In your copy of the data, include no pictures and alter nothing else.

▸ DATA SECTION
[Start of Attachment]

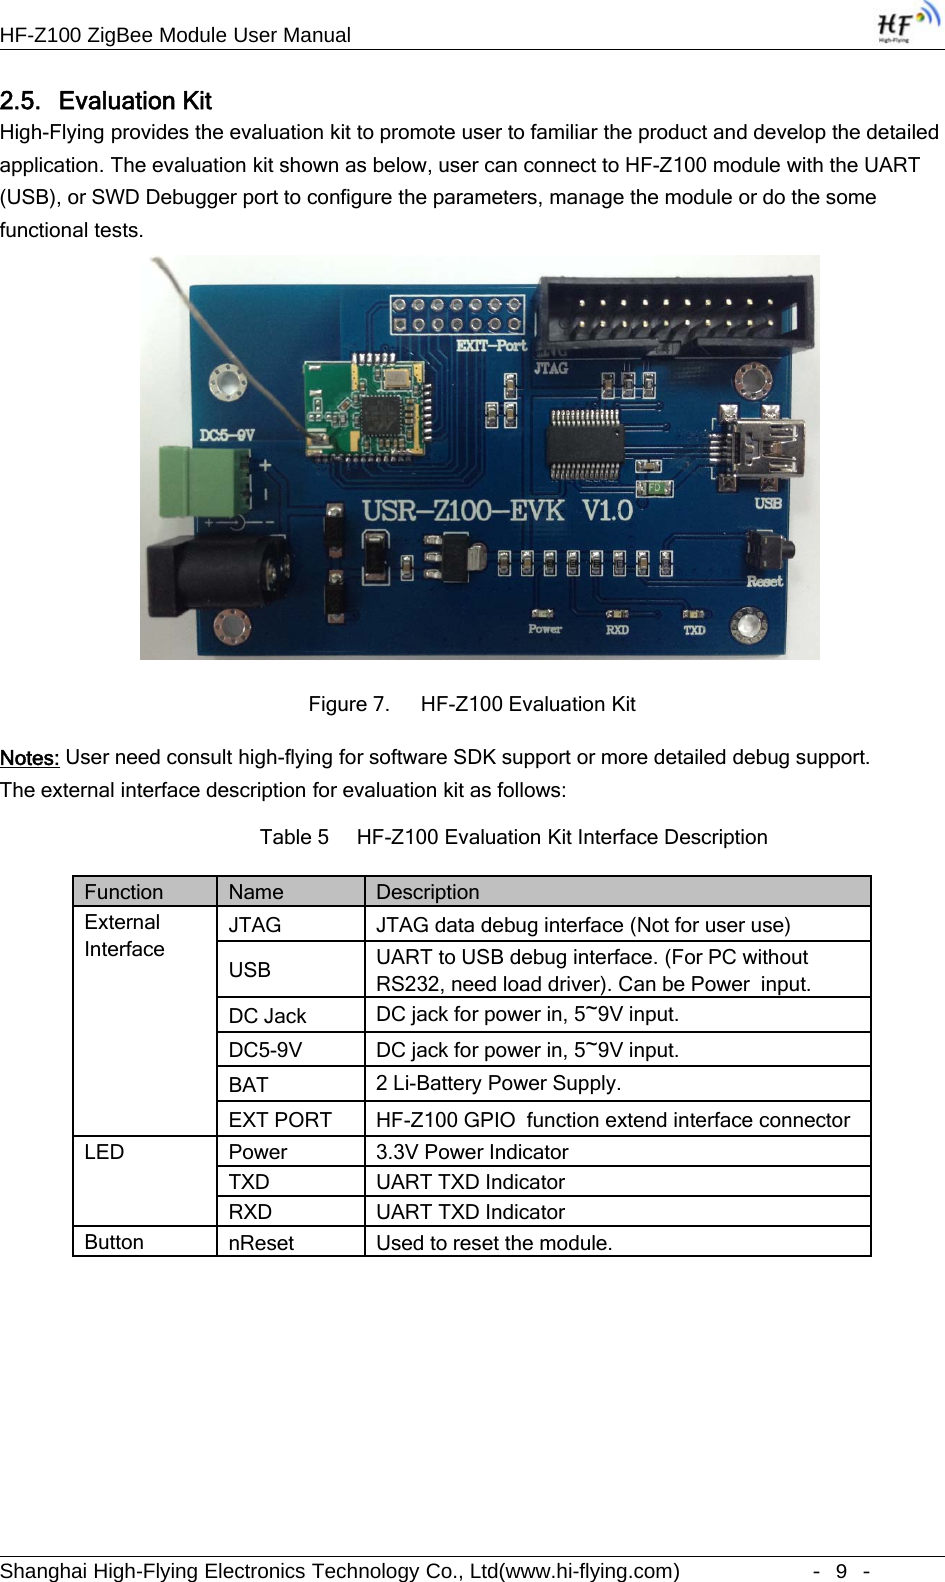 HF-Z100 ZigBee Module User ManualShanghai High-Flying Electronics Technology Co., Ltd(www.hi-flying.com) -9-2.5. Evaluation KitHigh-Flying provides the evaluation kit to promote user to familiar the product and develop the detailedapplication. The evaluation kit shown as below, user can connect to HF-Z100 module with the UART(USB), or SWD Debugger port to configure the parameters, manage the module or do the somefunctional tests.Figure 7. HF-Z100 Evaluation KitNotes: User need consult high-flying for software SDK support or more detailed debug support.The external interface description for evaluation kit as follows:Table 5 HF-Z100 Evaluation Kit Interface DescriptionFunction Name DescriptionExternalInterfaceJTAG JTAG data debug interface (Not for user use)USB UART to USB debug interface. (For PC withoutRS232, need load driver). Can be Power input.DC Jack DC jack for power in, 5~9V input.DC5-9V DC jack for power in, 5~9V input.BAT 2 Li-Battery Power Supply.EXT PORT HF-Z100 GPIO function extend interface connectorLED Power 3.3V Power IndicatorTXD UART TXD IndicatorRXD UART TXD IndicatorButton nReset Used to reset the module.
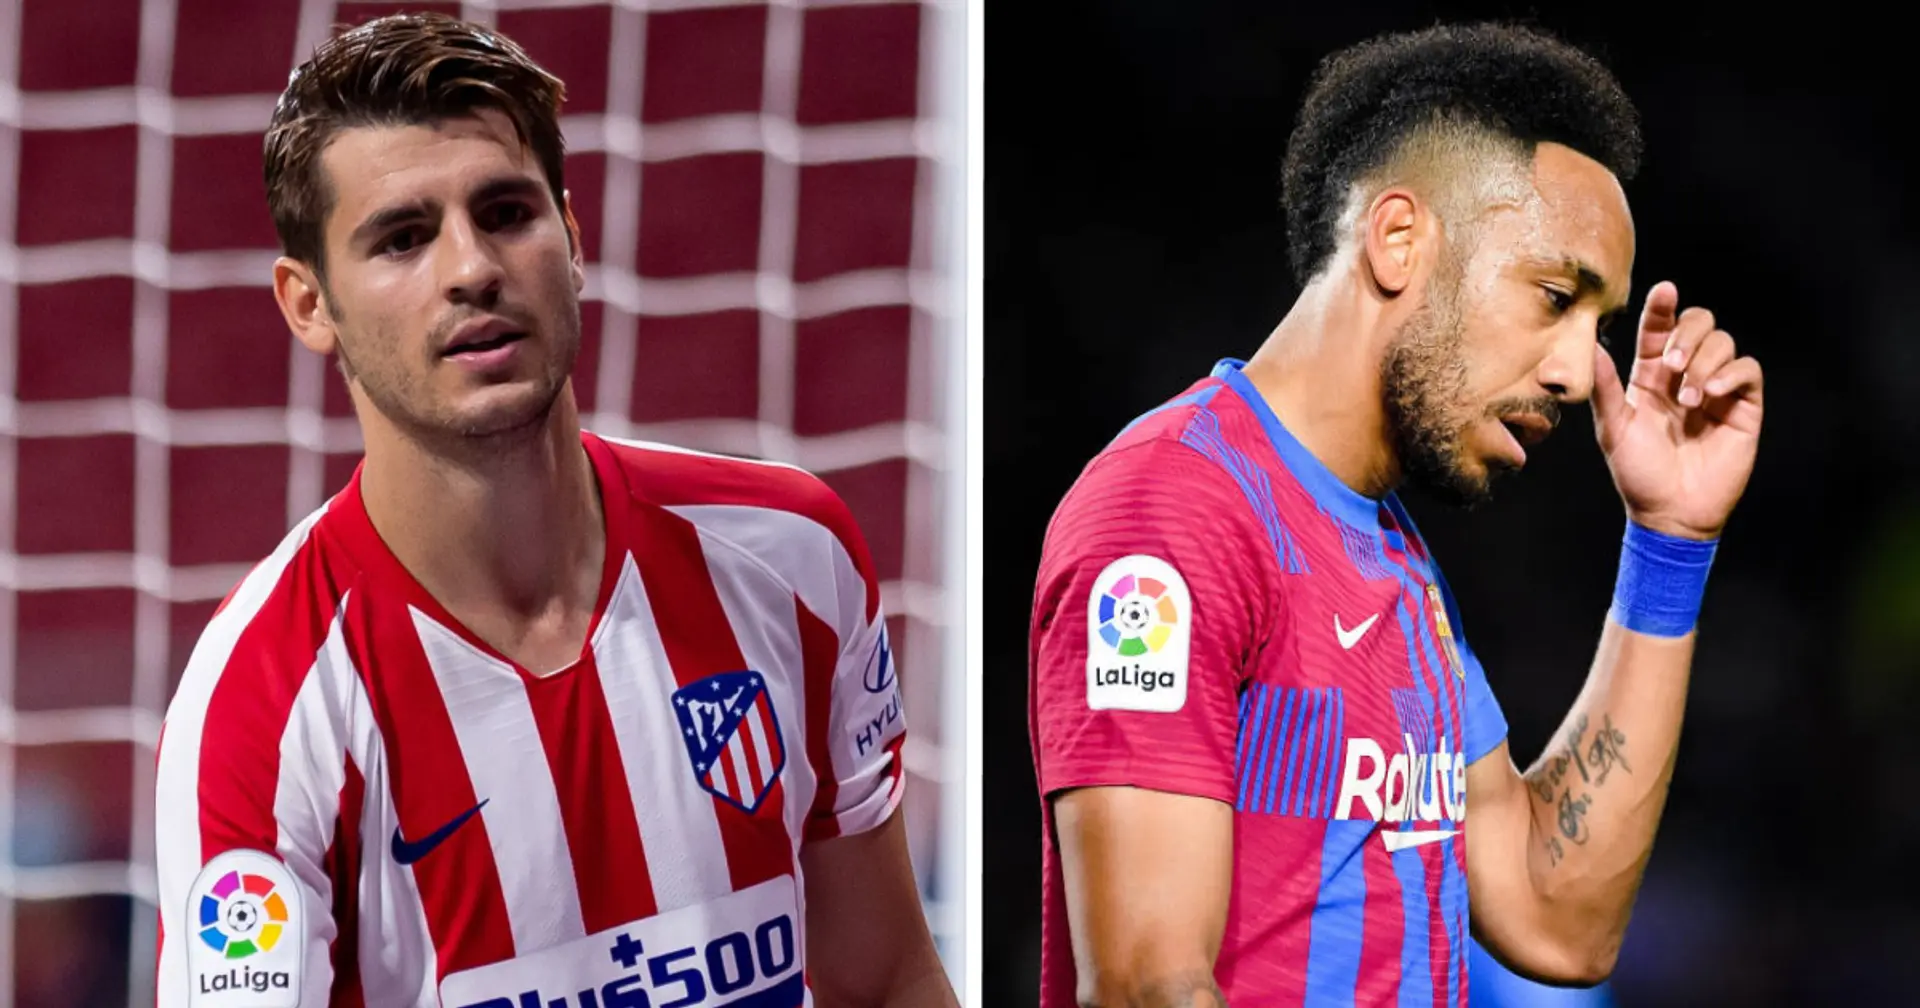 Morata named as likely option for Chelsea if Aubameyang deal falls through
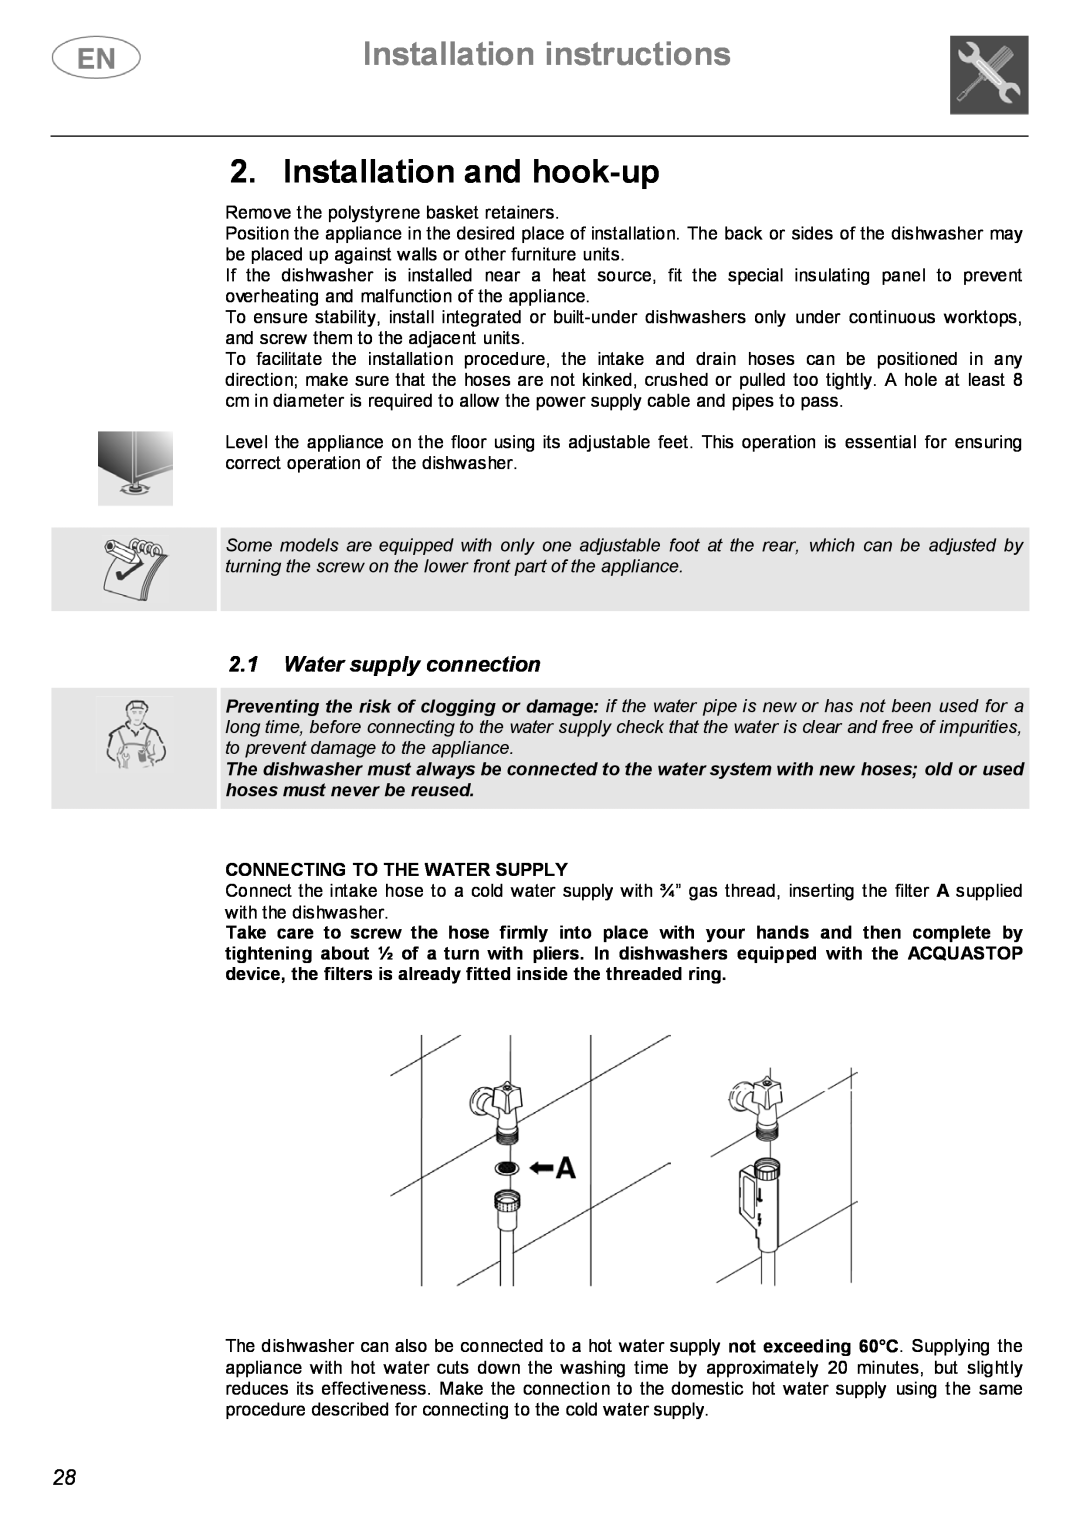 Smeg DWF614SS, DWF614WH manual Installation instructions, Installation and hook-up, 2.1Water supply connection

[End of Attachment]

▸ SOLUTION TO THIS PROBLEM
 HF-Z100 ZigBee Module User ManualShanghai High-Flying Electronics Technology Co., Ltd(www.hi-flying.com) -9-2.5. Evaluation KitHigh-Flying provides the evaluation kit to promote user to familiar the product and develop the detailedapplication. The evaluation kit shown as below, user can connect to HF-Z100 module with the UART(USB), or SWD Debugger port to configure the parameters, manage the module or do the somefunctional tests.Figure 7. HF-Z100 Evaluation KitNotes: User need consult high-flying for software SDK support or more detailed debug support.The external interface description for evaluation kit as follows:Table 5 HF-Z100 Evaluation Kit Interface DescriptionFunction Name DescriptionExternalInterfaceJTAG JTAG data debug interface (Not for user use)USB UART to USB debug interface. (For PC withoutRS232, need load driver). Can be Power input.DC Jack DC jack for power in, 5~9V input.DC5-9V DC jack for power in, 5~9V input.BAT 2 Li-Battery Power Supply.EXT PORT HF-Z100 GPIO function extend interface connectorLED Power 3.3V Power IndicatorTXD UART TXD IndicatorRXD UART TXD IndicatorButton nReset Used to reset the module.
 Morata named as likely option for Chelsea if Aubameyang deal falls through
 Smeg DWF614SS, DWF614WH manual Installation instructions, Installation and hook-up, 2.1Water supply connection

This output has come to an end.